Okay then,... so I surfed the Mid Coast for the third time since I returned from the West Coast since mainly I did not believe that a 2ft wave could do anything for me. Also the last times I rode it I felt like I was slugging along. However, now I have this new board, well lets test it out.

I surfed 2ft U turns, and well,... so now I am doing verticle re-entries in 2ft swell, okay,........ right,..
Yeah,...... shwing!

Good one

Next session:
Wed 21 may 2008 Captins Log

Big heavy 5ft near double overhead wave on the south coast with that solid swell that lapped the shores for a good few days.

This surfspot has a med heavy take off then a solid chunk of fatter section and then the wedge shore break that temps you into it and you either have to make it if the wedge section lets you or eject out of it.

You know the spot.

The board performed really well in these conditions which was totally the opposite to the last 2 sessions I have had on it. As the take off is not hollow but just nice and heavy the flat rocker is fine and the speed off the take off is intense, this allows you to keep the speed through the fatter section and accelerate into the wedge before it rolls over on itself in the shorie.

Really loved the board in these conditions, it held the rail well and did not feel skatie or unstable on the fins.

Great session
Goolwa 2'+ to 3ft solid and nice off shores, excellent conditions for this board making the most of some reasonable power but also getting on the wave early and getting through the more sluggish sections at speed. This is me :-) photos thanks to Murf. Nice sequence shot especially seeing the distance out to sea
Daz on the Fishcuit - 1
Daz on the Fishcuit - 3
Daz on the Fishcuit - 2
  9mm Stringer
  Quad speed
After a new dozen sessions, what's the rap?

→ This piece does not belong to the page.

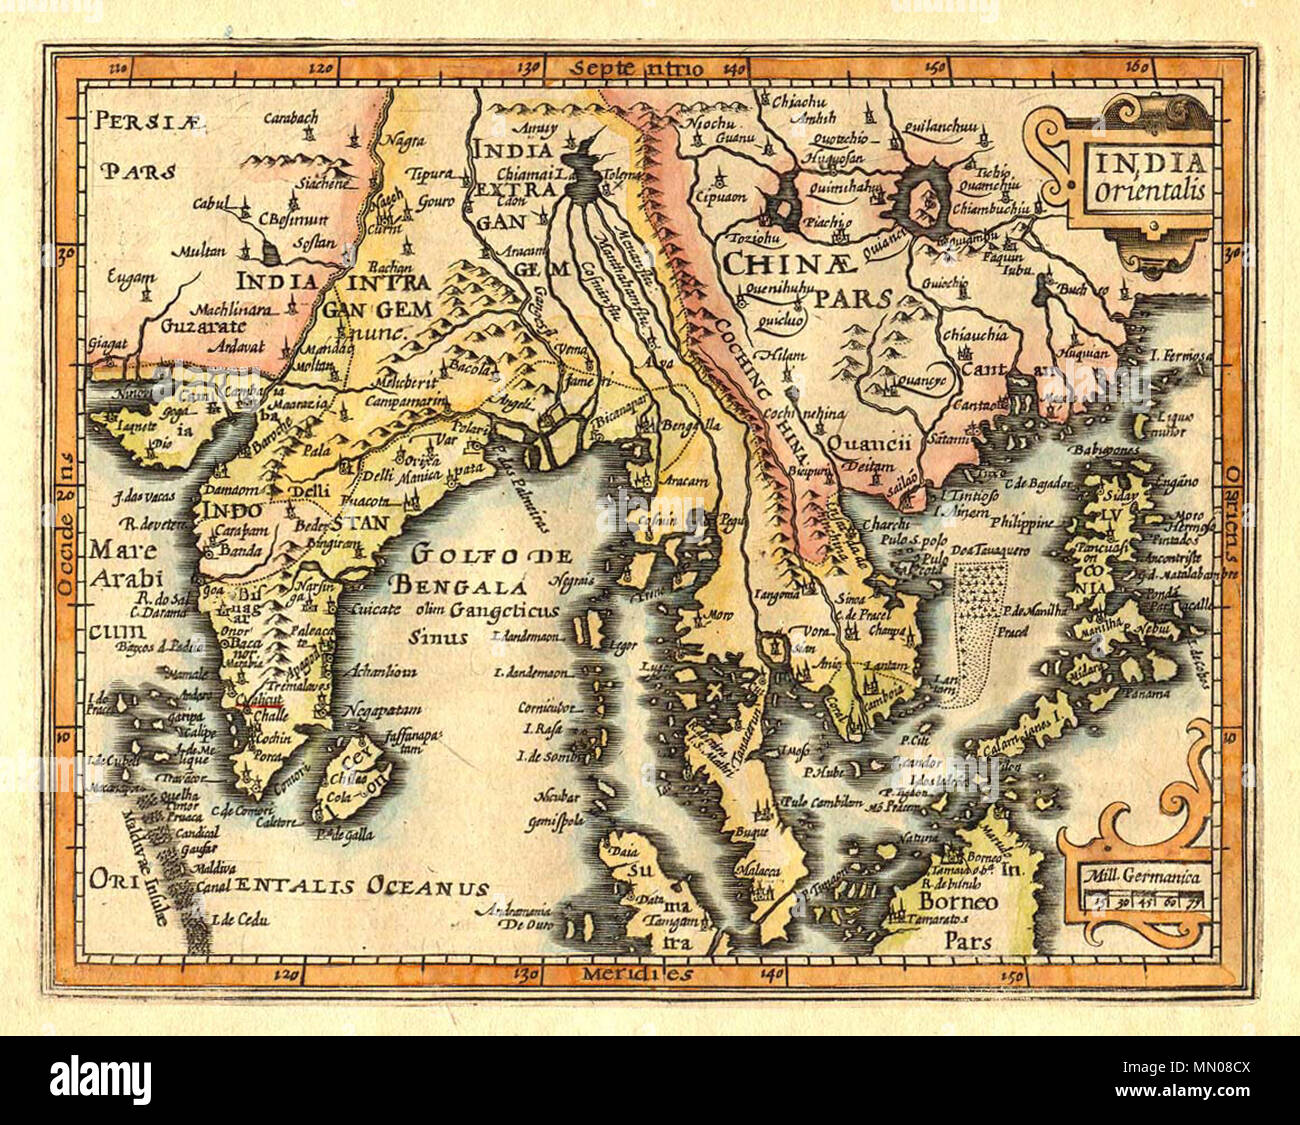 . Tiếng Việt: Bản đồ Đông Nam Á gồm cả Ấn Độ và Trung Quốc năm 1609, do Gerardus Mercator và Jan Hondius vẽ (được tô màu lại sau khi xuất bản). Trong bản đồ nước Đại Việt tức là xứ Giao Chỉ được gọi là Cochinchina để phân biệt với địa danh Cochin ở tây nam Ấn Độ, quần đảo Hoàng Sa gọi là Pracel và được ghi thuộc Champa tại vị trí trong đất liền giữa Cinoa (Thuận Hóa) và Champa là C. de Pracel.  . 1609. Gerardus Mercator (1512-1594), Jan Hondius IndoChine1609(India orientalis) Stock Photo

I have surfed this board in all kinds of conditions but mainly in the softer waves of middleton and goolwa which can be quite sizey but are a fatter slower moving wave than most. These waves to rate well with the colder water and can easily push more power than their east cost equivalents over sand with warmer water.

In small 2 - 3 ft surf this board is perfect, that part of the assessment is complete. Once the waves start to get over 3 - 4ft on a wave like middleton it is super fun. You need a fast wide board to get on these waves, and then make the most of them getting past white water and trying to ride as long as possible. The big thing with this board is the speed, it is so fast that I am considering starting a new subsport of surfing called 'speed surfing.' You might think I am raving, but the speed of this board is staggering and people comment from the shore, even strangers.

So all up a great board for weak to medium waves with fat to medium shape.

Limitations to this board.
once you are arcing up the speed and power the tail width will work against you a bit as you try to slam a reo in the speed will keep going so it arcs out in a line. This occurs mainly with 3-4 ft and above, not a problem for 2-3 ft at all.

I am now considering adding to the quiver with a Sushimi of a slightly smaller size to complement things. the thing is that the Fishcuit does give you an over excitement of confidence that the waves are actually more powerful and hold more reo potential than perhaps they do, then watching others on short arse boards reveals that they are glugging around and struggling. Its all about compromise, you have to get on the wave and feel some power, but that comes with a price of too much power sometimes, I know I would rather be on the wave ridding it that having the smallest most aerial reo machine and sitting in the slop frustrated because you cant catch one, and when you do, it lacks any power.

Fishcuit turns your local low to medium power  wave into a fun fest.

The board is also quite flat for all this speed. Very hollow and small waves make re-entry work more challenging as it will get stuck sometimes. Again, as youself this simple question. "Do I want to be on the wave ridding quickly and getting more out of the wave than I do on a standard board?" Yes? your wave ration will go up and the length and speed of ride will increase, no question.

Mal riders: looking for a short board experience without loosing that speed and float, but starting to throw a boad around like you never have? Fishcuit is the board.